Task to complete:
Your task is to copy the data exactly while leaving out every picture.

(Supplied material Opens)

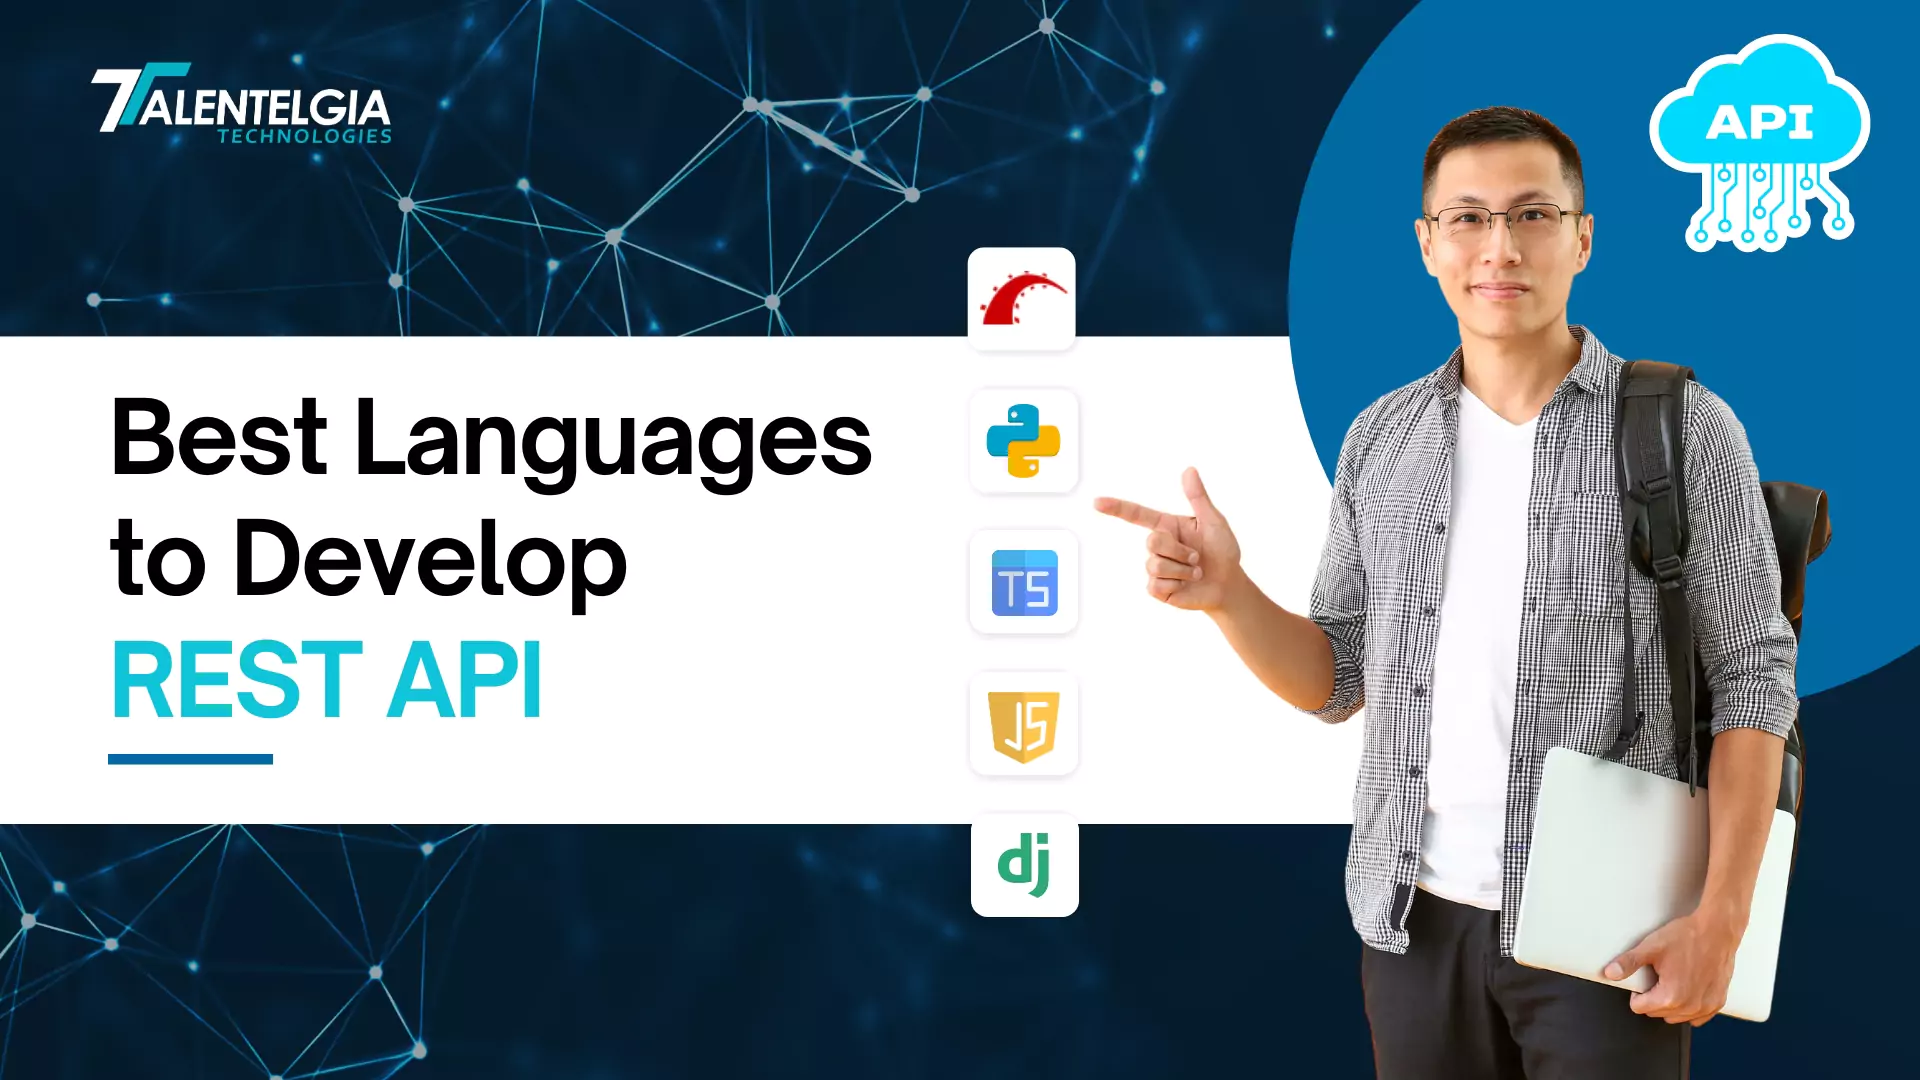 Best Languages to Develop REST APIs
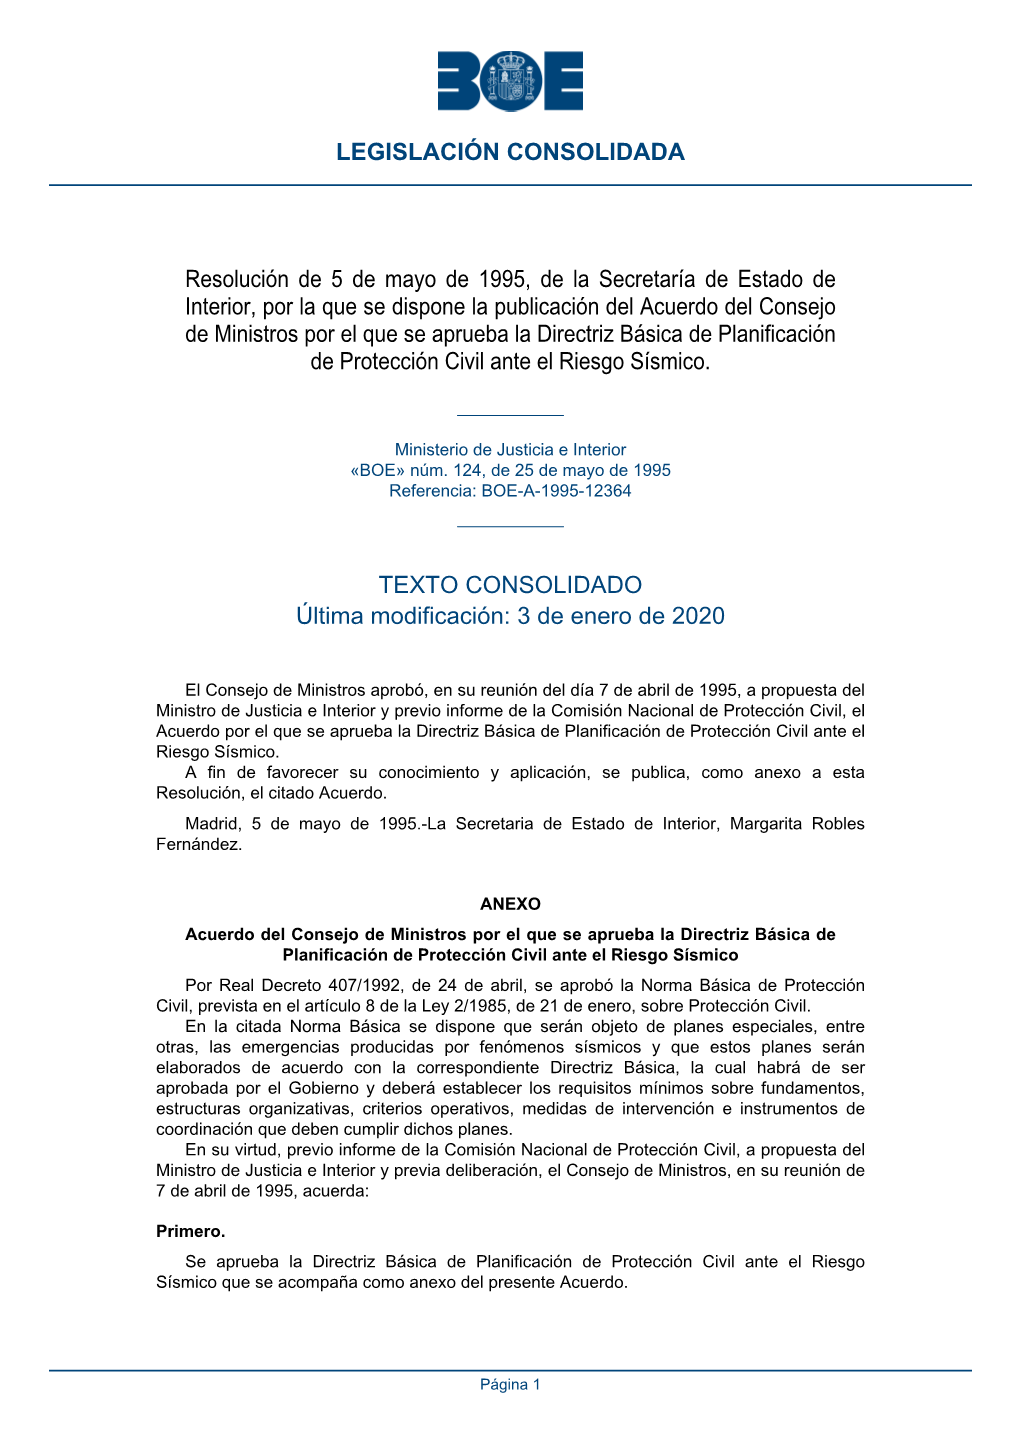 Resolución De 5 De Mayo De 1995, De La Secretaría De Estado De Interior, Por La Que Se Dispone La Publicación Del Acuerdo
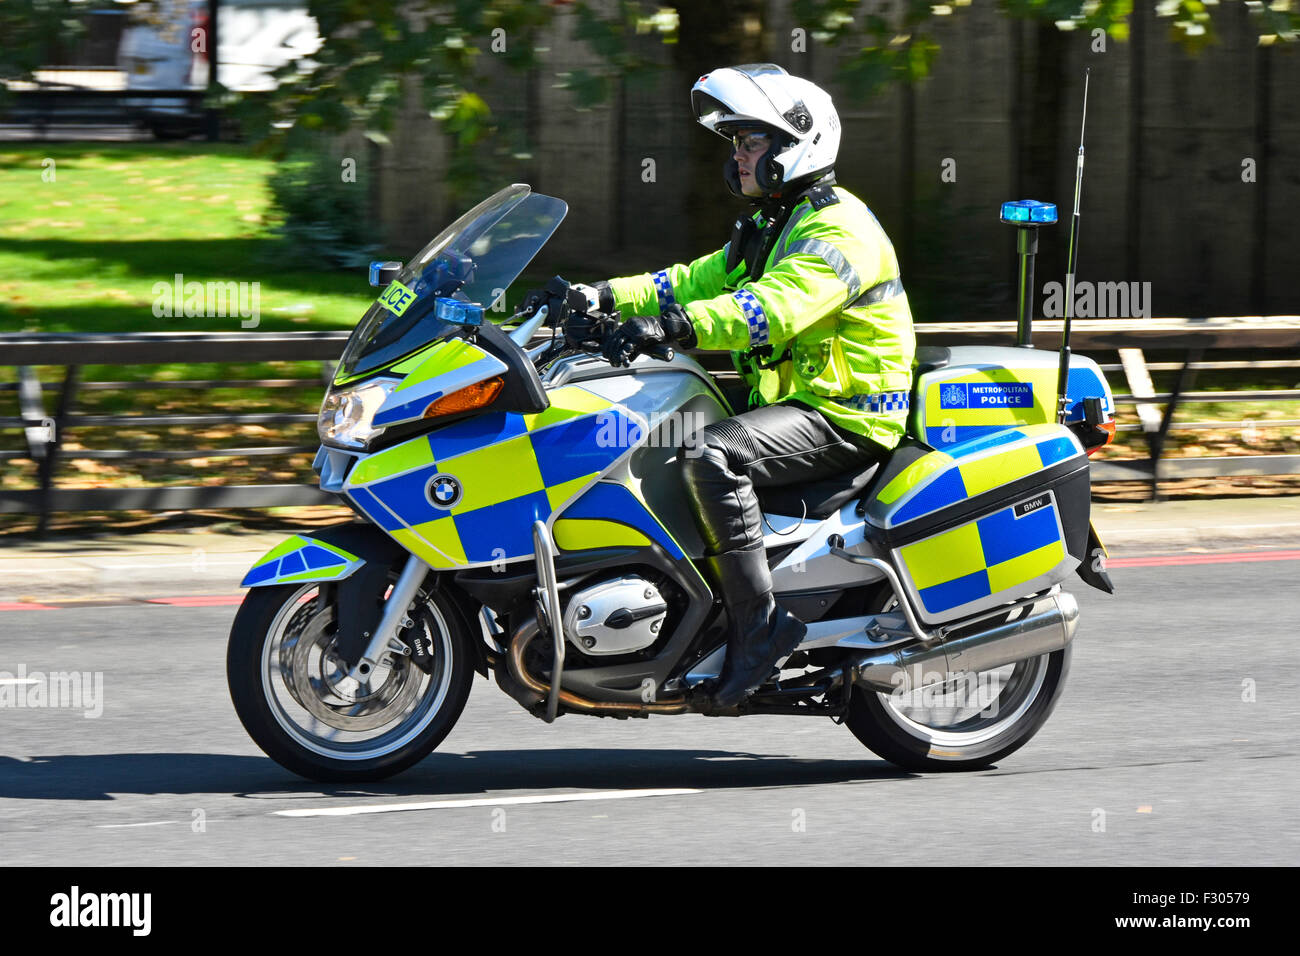 Officier de police métropolitaine en veste haute visibilité patrouilant sur un Moto BMW à Park Lane Londres Angleterre Royaume-Uni Banque D'Images

(Supplied material Closes)

Task result:
 Best Languages to Develop REST APIs
 Resolución De 5 De Mayo De 1995, De La Secretaría De Estado De Interior, Por La Que Se Dispone La Publicación Del Acuerdo
 Officier de police métropolitaine en veste haute visibilité patrouilant sur un Moto BMW à Park Lane Londres Angleterre Royaume-Uni Banque D'Images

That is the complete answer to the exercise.